--- PROBLEM DETAILS ---
Please write out all of the data below exactly, without including the pictures.

--- PROVIDED MATERIAL ---
----
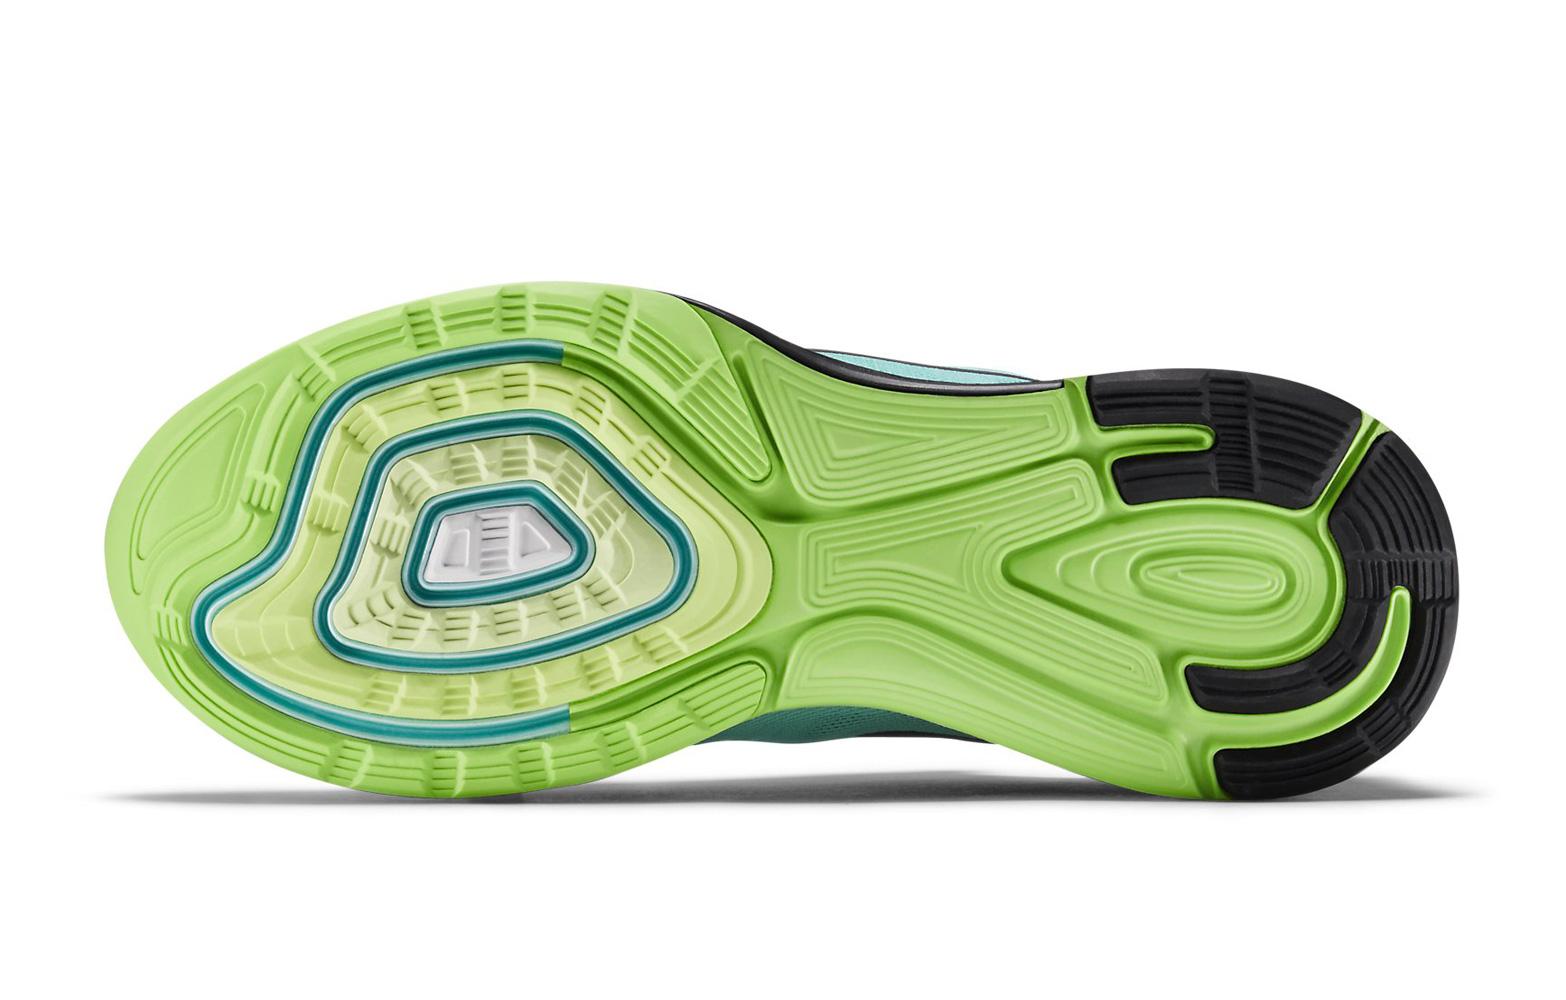 Nike Lunarglide 6 Azul Y Verde NEC5HU
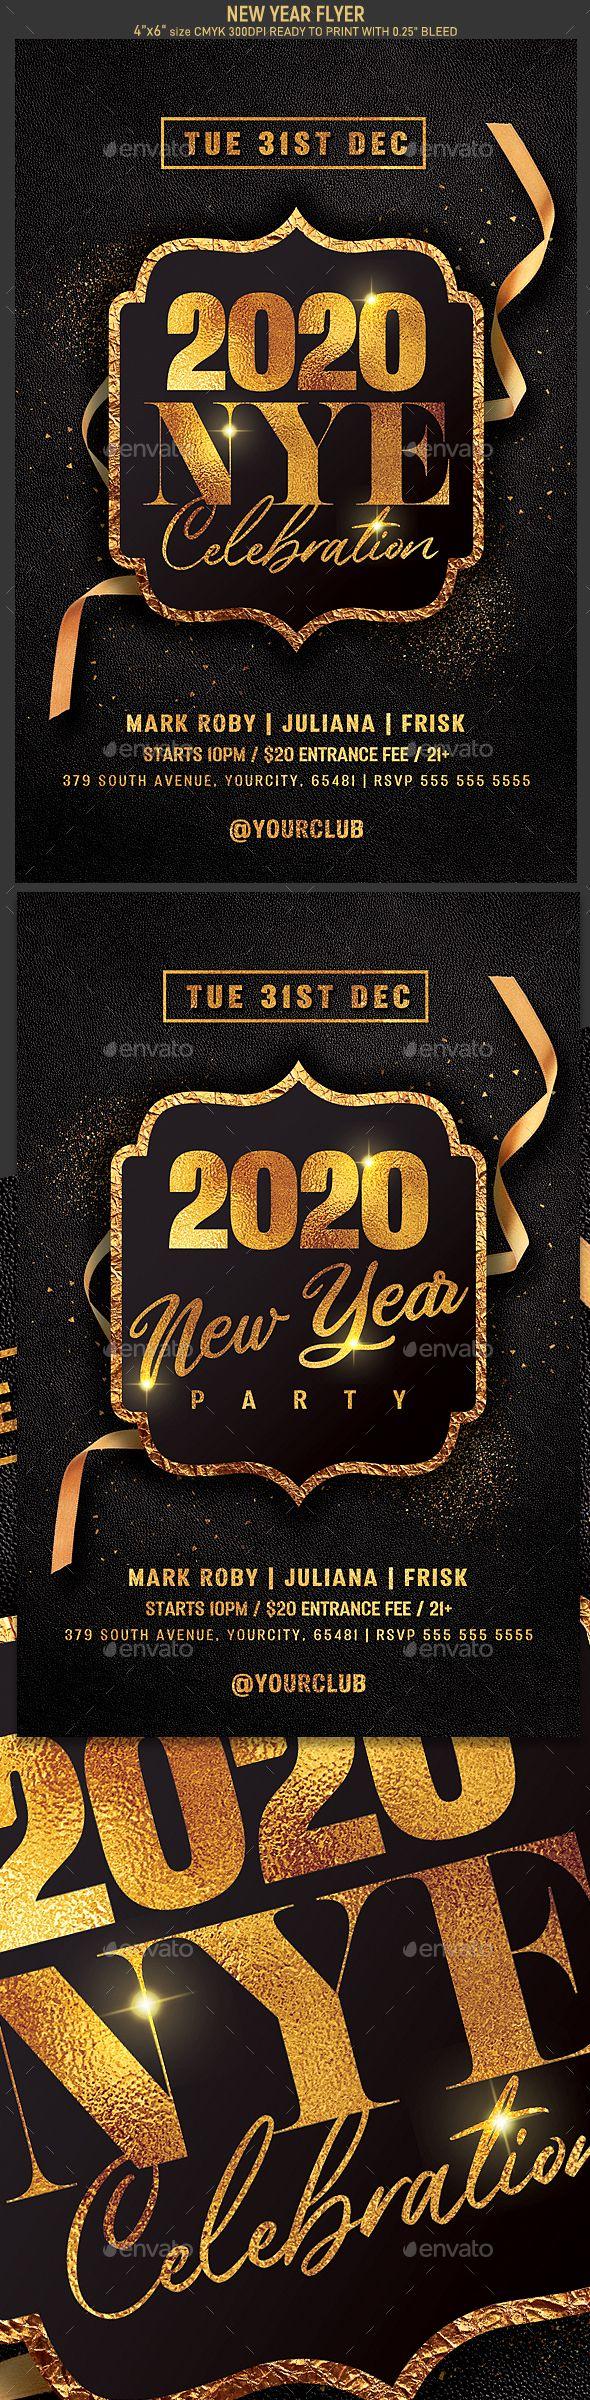 New Year Flyer Flyer, Print templates, Christmas flyer
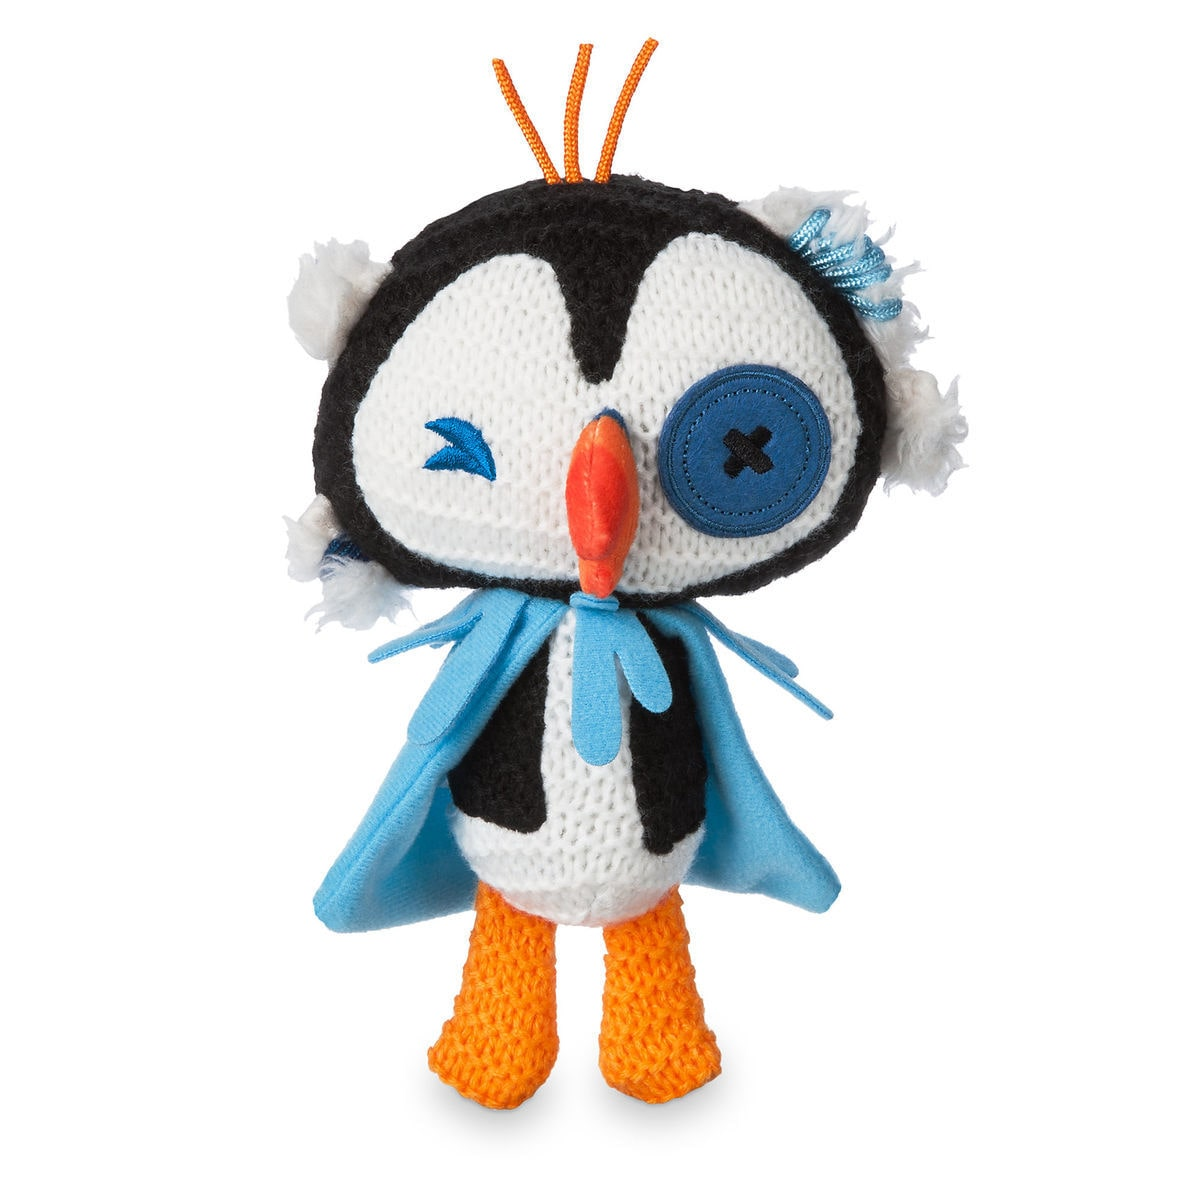 Sir Jorgenbjorgen Plush Olafs Frozen Adventure Small 7 14
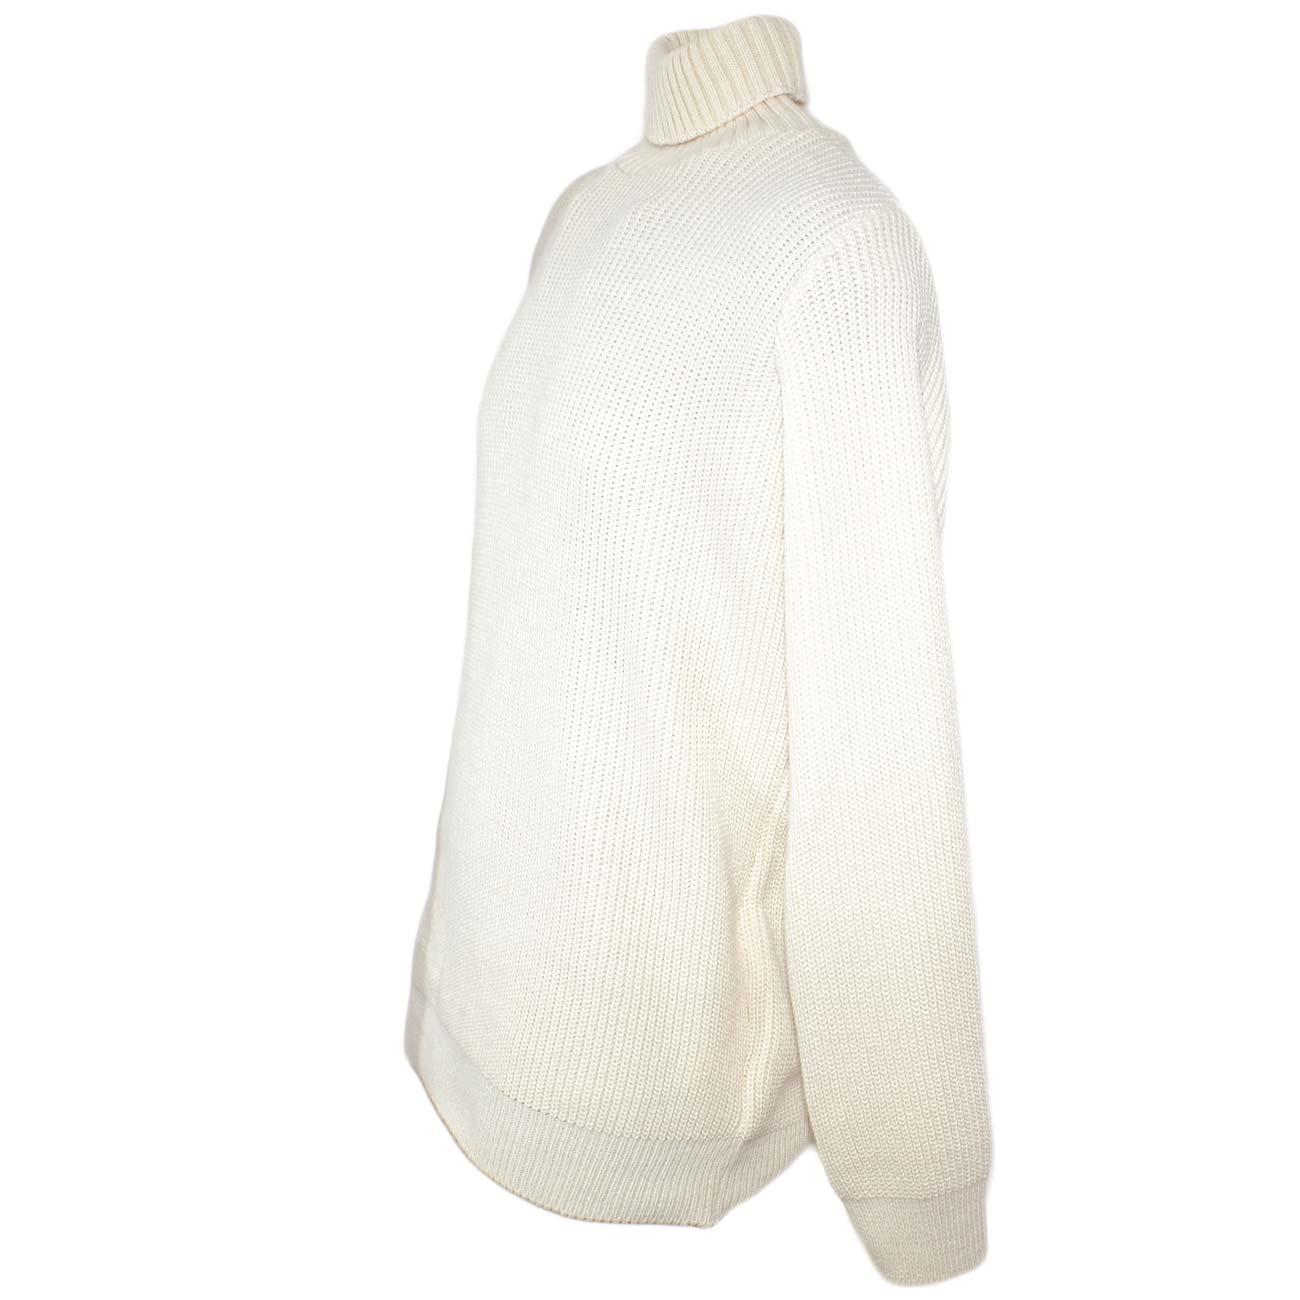 Maglione Intessitura Panna Dolcevita Ad Slim Color Lungo Fit Uomo ZFZ0qrW8
----
--- RESPONSE AREA ---
 Nike Lunarglide 6 Azul Y Verde NEC5HU
 New Year Flyer Flyer, Print templates, Christmas flyer
 Sir Jorgenbjorgen Plush Olafs Frozen Adventure Small 7 14
 Maglione Intessitura Panna Dolcevita Ad Slim Color Lungo Fit Uomo ZFZ0qrW8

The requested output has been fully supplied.